▸ Prompt
Output each line of the data below exactly, omitting any image.

▸ Exercise data
--------------------------------

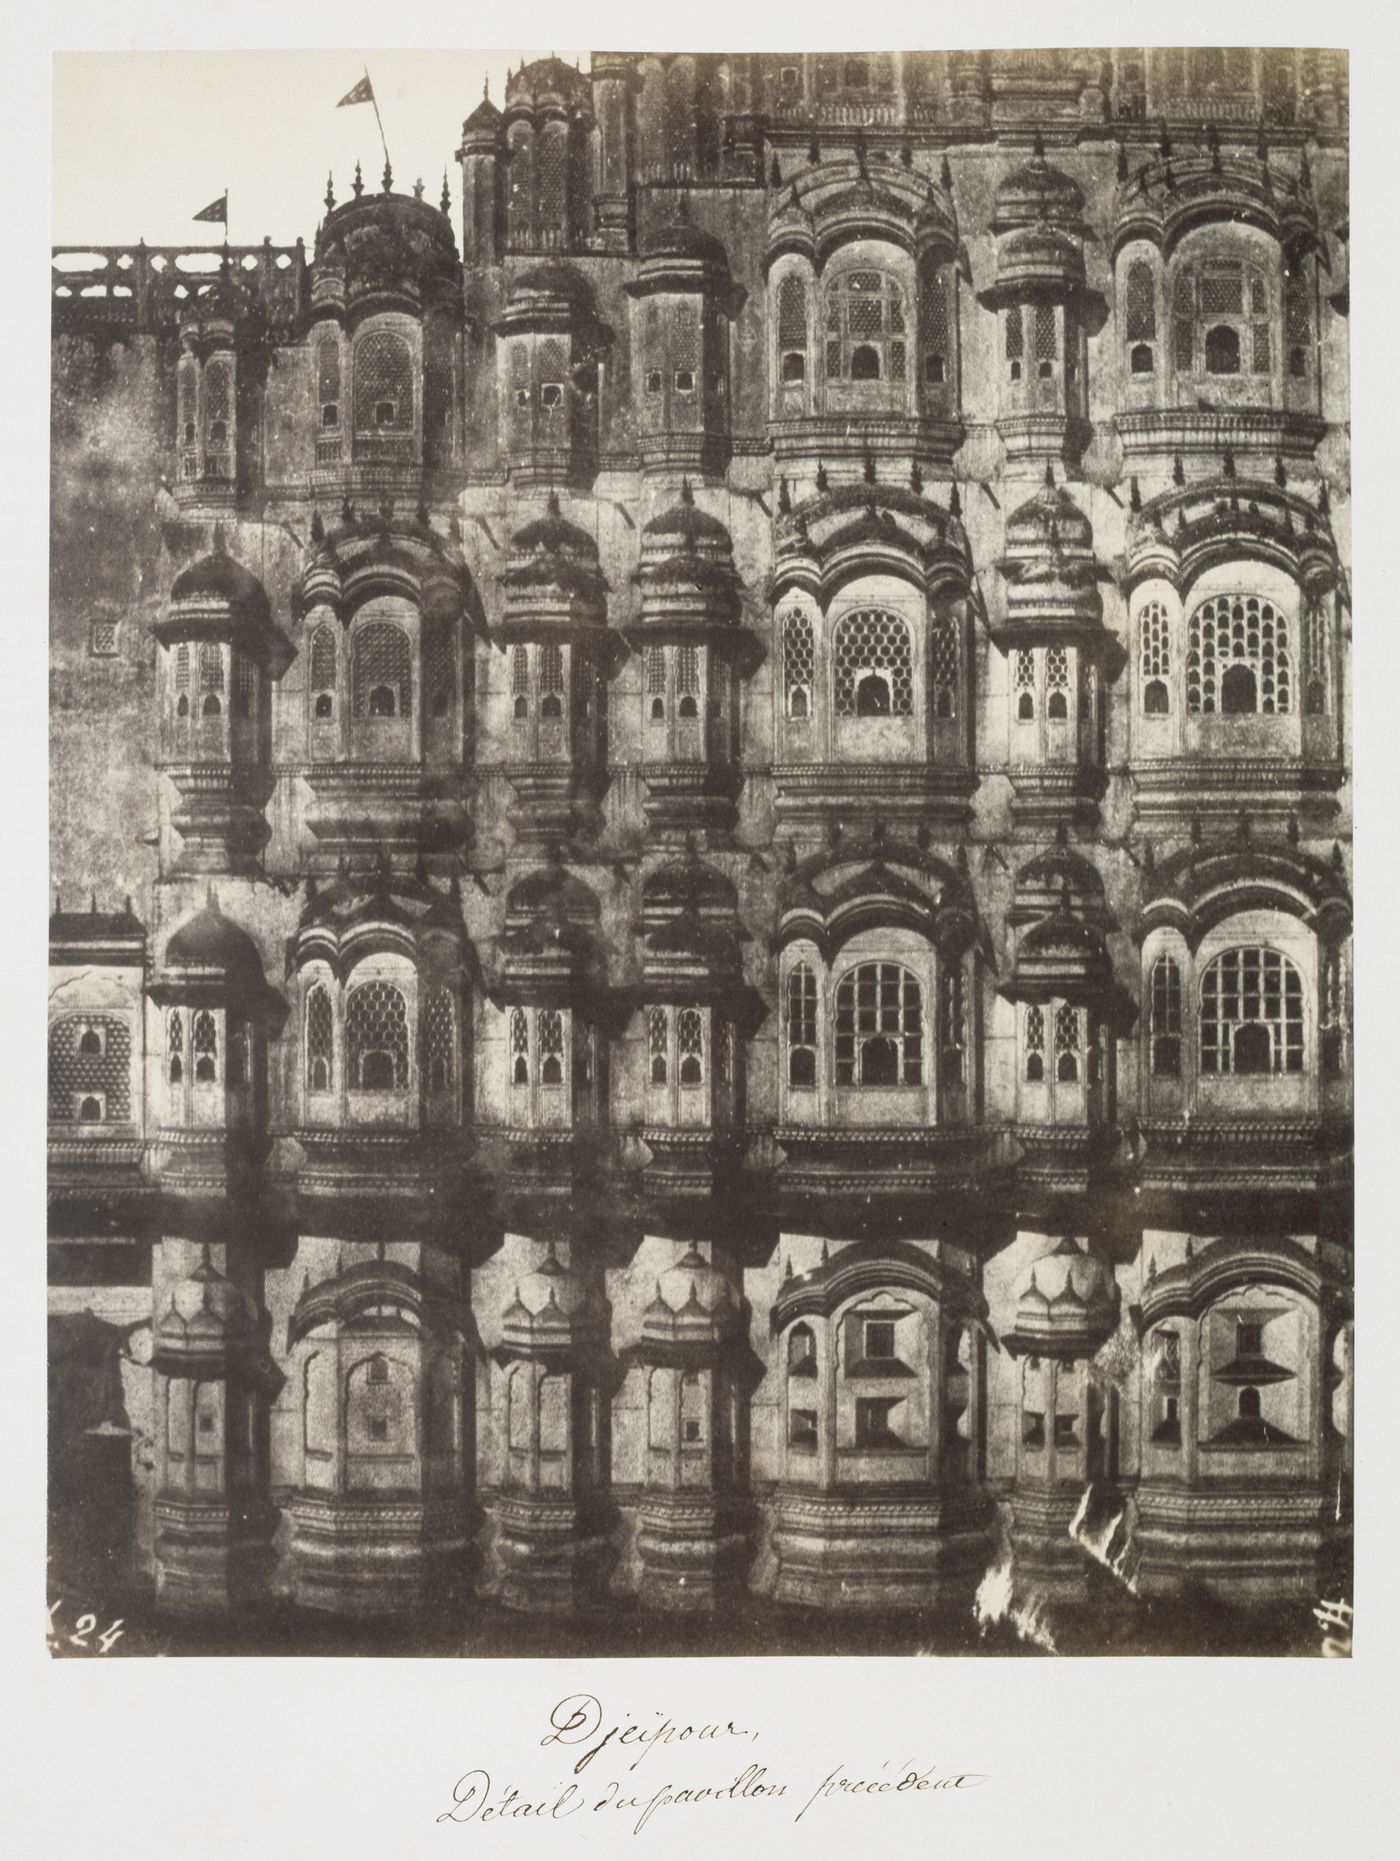 Detail view of the Hawa Mahal [Wind Palace], Jeypore (now Jaipur), India
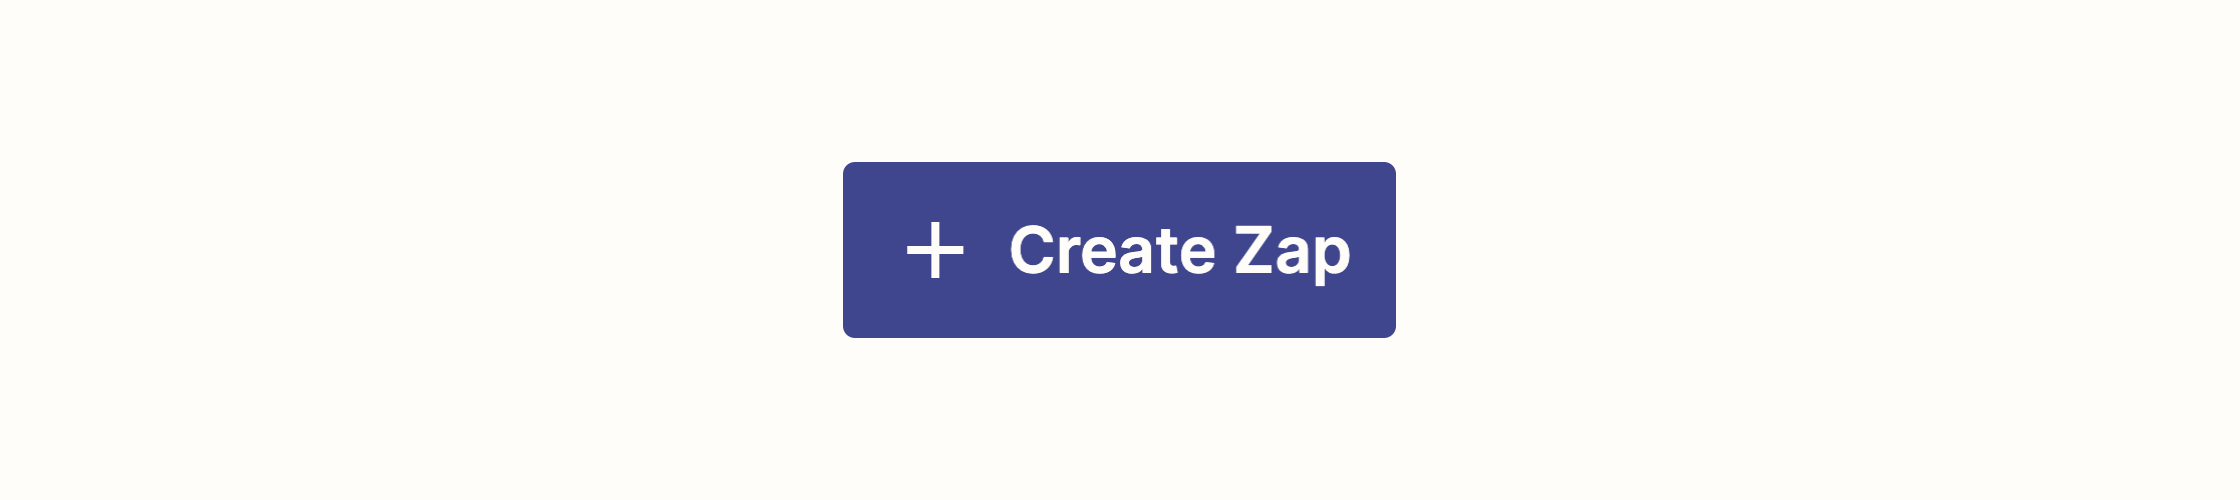 Create zap
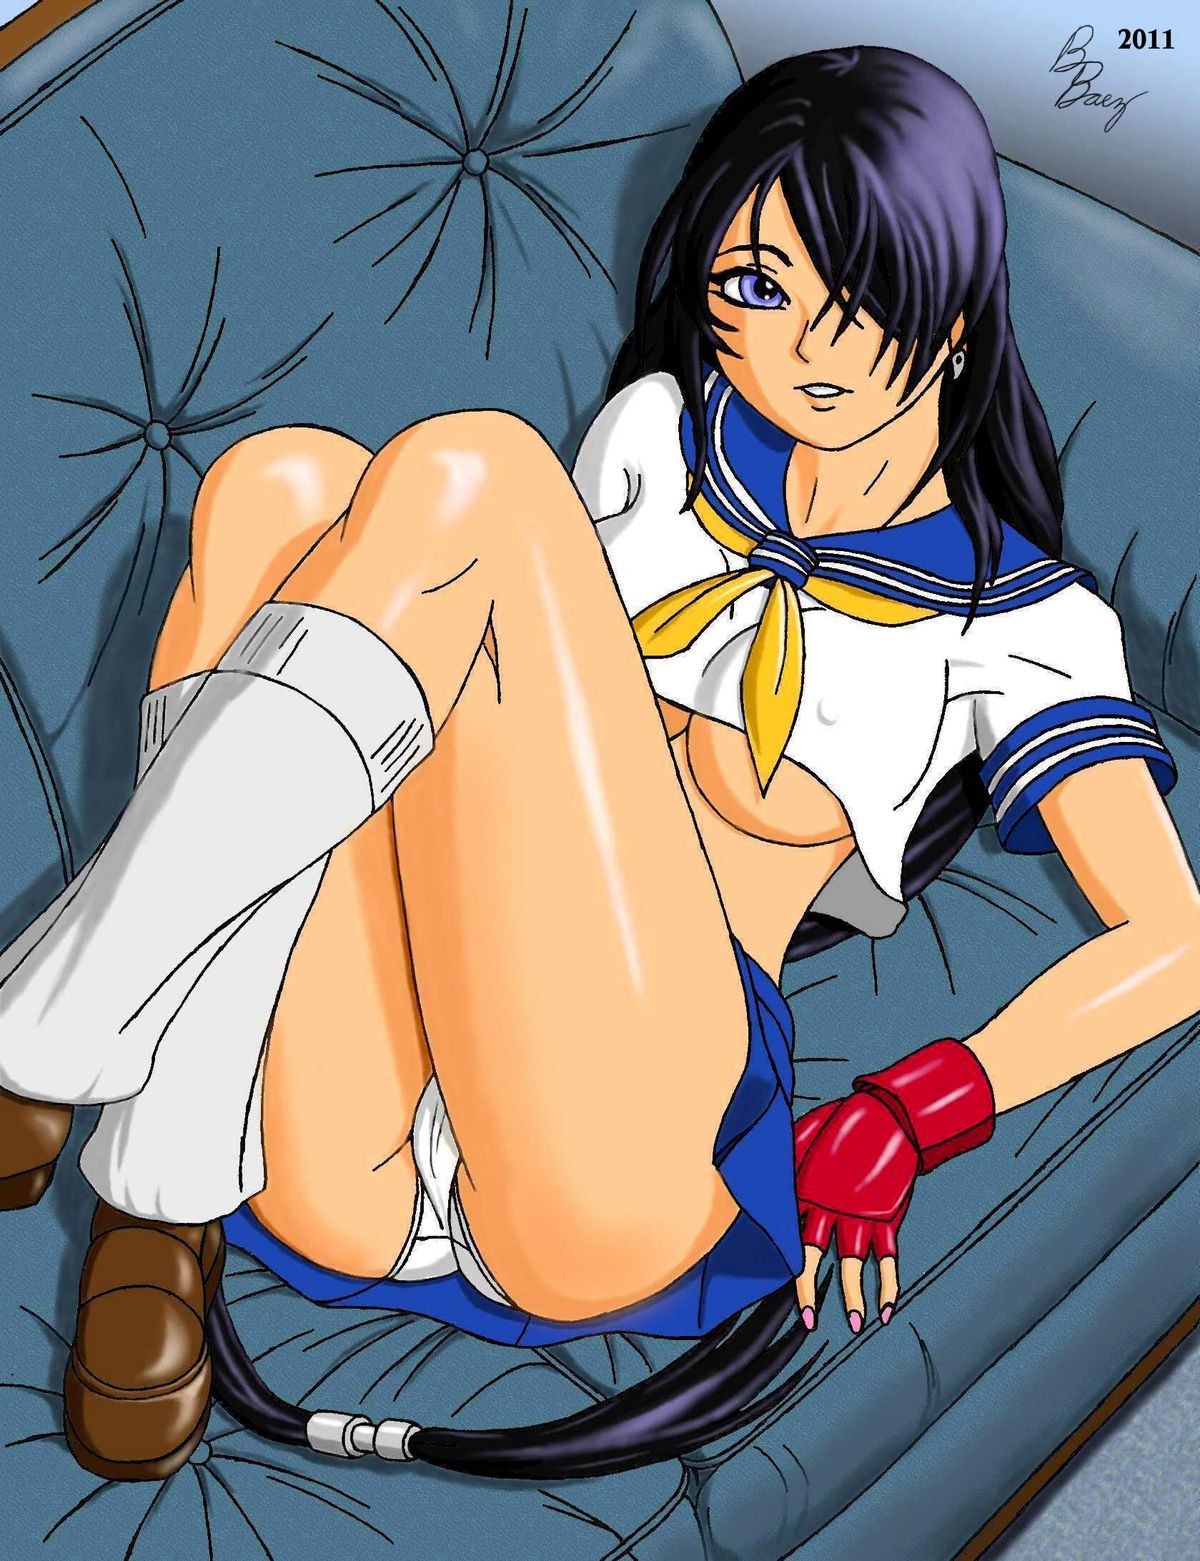 Read Anime Hentai And Game Fan Art Hentai Online Porn Manga And Doujinshi

--------------------------------

▸ Solution for this problem
 Detail view of the Hawa Mahal [Wind Palace], Jeypore (now Jaipur), India
 Create zap
 Read Anime Hentai And Game Fan Art Hentai Online Porn Manga And Doujinshi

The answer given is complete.